Having the composition described above, the conventional remote control
apparatus having the "learning" capability requires a memory unit with
sufficient storage capacity to store the composition and parameters of a
received signal. This remote control apparatus is not only expensive but
also undesirable from a practical viewpoint since the memory unit requires
a large installation area.
SUMMARY OF THE INVENTION
The present invention has been accomplished in order to solve the
aforementioned problems of the prior art.
An object, therefore, of the present invention is to provide a remote
signal processing device that enables a machine to be remotely controlled
with a remote control apparatus of a type that is different than the
remote control system in which the machine is included.
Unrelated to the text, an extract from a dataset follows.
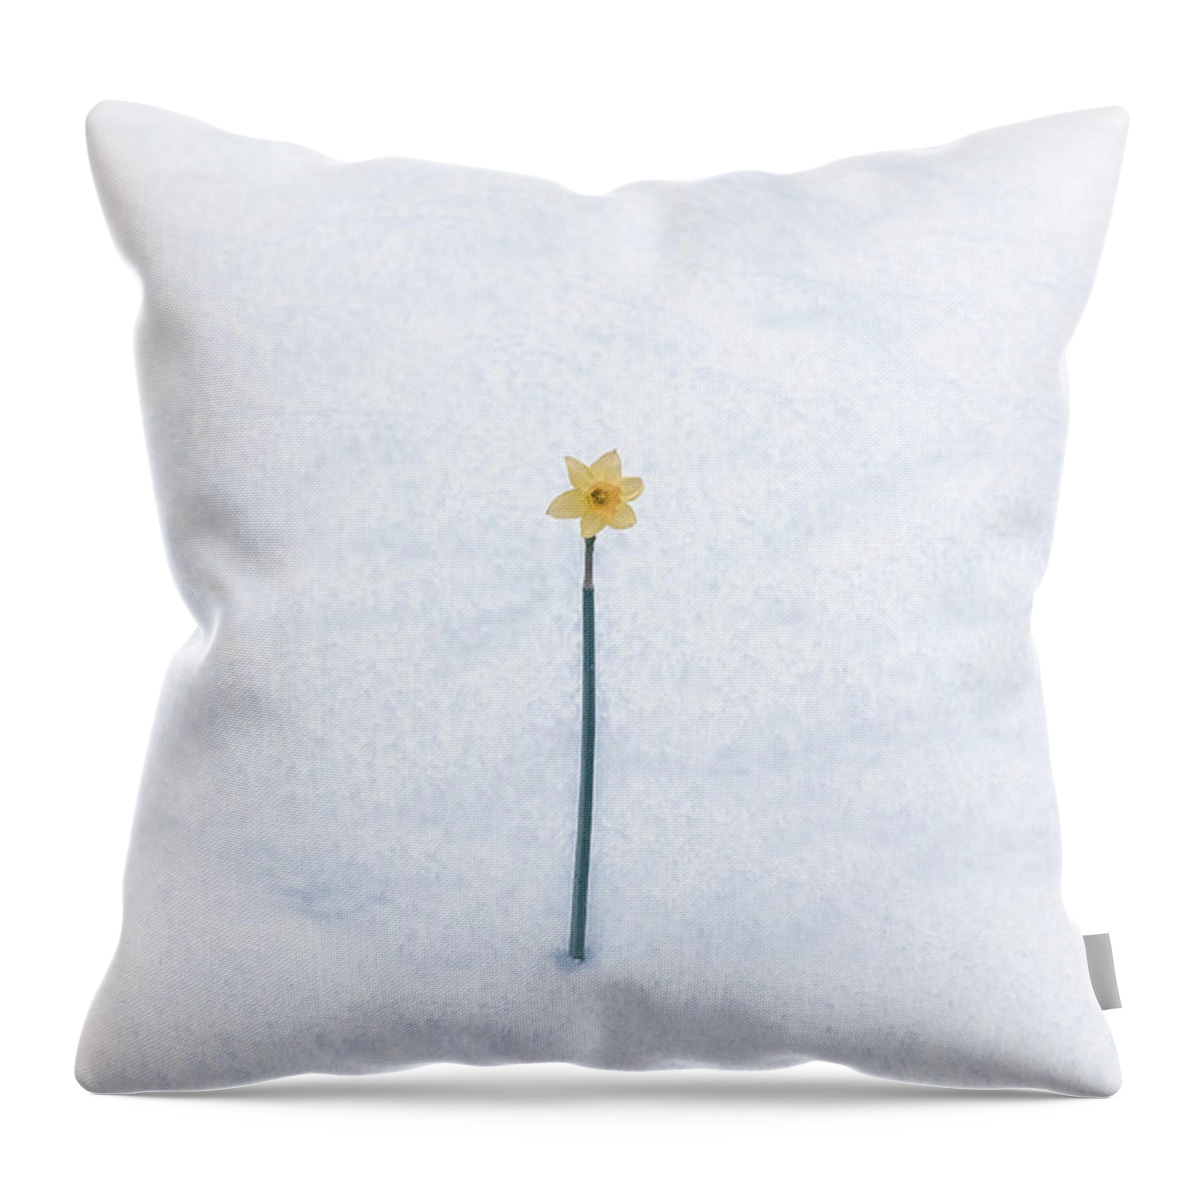 Daffodil Throw Pillow featuring the photograph Almost Spring by Joana Kruse

Another object of the present invention is to provide a remote control
processing device for a remote control apparatus that realizes a
significant reduction in the storage capacity of a parameter storage
section of a memory unit by preloading time parameters in a read-only
memory unit.
A remote control processing device, which is installed on a machine that
performs various operation in response to a present control signals,
comprises a signal receiving unit that receives a remote control signal
from a remote control apparatus, demodulating means that generates and
outputs signal data corresponding to the format and code of the received
remote control signal, a memory unit for storing the signal data of the
received remote control signal, control signal generating means that
generates the control signals for operating the machine which are
associated with storage areas in the memory unit, operating keys that are
associated with storage areas in the memory unit and which select relevent
storage area, a select switch for selectively setting a recording mode or
an operating mode, and a control unit which, when the select switch is set
into a recording mode, writes the signal data of the received remote
control signal into a storage area associated with the depressed operating
key and which, when the select switch is set into an operating mode,
receives remote control signals being sent from the remote control
apparatus in response to the manipulation of operating keys and
sequentially reads out the loaded signal data from the memory unit for
comparison with the signal data of the received remote control signal, the
control unit supplying the machine with a control signal associated with
the storage area where the signal data found to match the received signal
data has been written.
Further, in a remote control processing device according to another aspect
of the present invention, a read-only memory unit is separately provided
from a memory unit for storing signal elements which is composed of a
parameter storage section and a signal composition storage section, and
the time parameters as signal constituent elements are preloaded in the
read-only memory unit. This design is effective not only in reducing the
size of the memory unit but also in improving its space factor by
significantly reducing the storage capacity of the parameter storage
section of the memory unit.
BRIEF DESCRIPTION OF THE DRAWINGS
FIG. 1 shows diagrammatically two different types of remote control system;
FIG. 2 shows diagrammatically a remote control system employing a prior art
stack-type remote control apparatus;
FIG. 3 is a system block diagram showing the prior art stack-type remote
control apparatus;
FIG. 4 is a system block diagram showing a prior art remote control
apparatus;
FIG. 5 is a diagram showing a typical waveform of a received signal for
explaining the prior art apparatus;
FIG. 6 is a diagram showing the composition of the memory unit in the prior
art system and a method of signal storage in this unit;
FIG. 7 is a system block diagram of the remote control signal processing
device according to one embodiment of the present invention;
FIG. 8 shows diagrammatically a remote control system incorporating the
concept of the present invention;
FIG. 9 is a system block diagram showing a remote control signal processing
device according to another embodiment of the present invention;
FIG. 10 is a diagram showing a typical waveform of a signal to be received
by the device shown in FIG. 9; and
FIG. 11 is a diagram showing the compositions of a memory unit and a
read-only memory unit, as well as a method of signal storage in these
units.
DETAILED DESCRIPTION OF THE PREFERRED EMBODIMENTS
FIG. 8 shows conceptually a remote control system using the present
invention. A remote control apparatus A which is principally intended to
perform remote control on the first machine A.sub.1 is also adapted to
remotely control the second machine B by installing the remote control
signal processing device of the present invention which is electrically
connected to the machine B. The machine B is controlled with a
microprocessor and other necessary devices in such a way that upon
manipulation of operating keys, a preset control signal is generated in
association with the depressed keys, causing the machine B to be operated
in response to that control signal.
As will be described later, a similar control signal is produced from the
remote control signal processing device and the machine B is operated in
response to this control signal.
FIG. 7 is a system block diagram showing the remote control signal
processing device according to an embodiment of the present invention
which is installed on the second machine B.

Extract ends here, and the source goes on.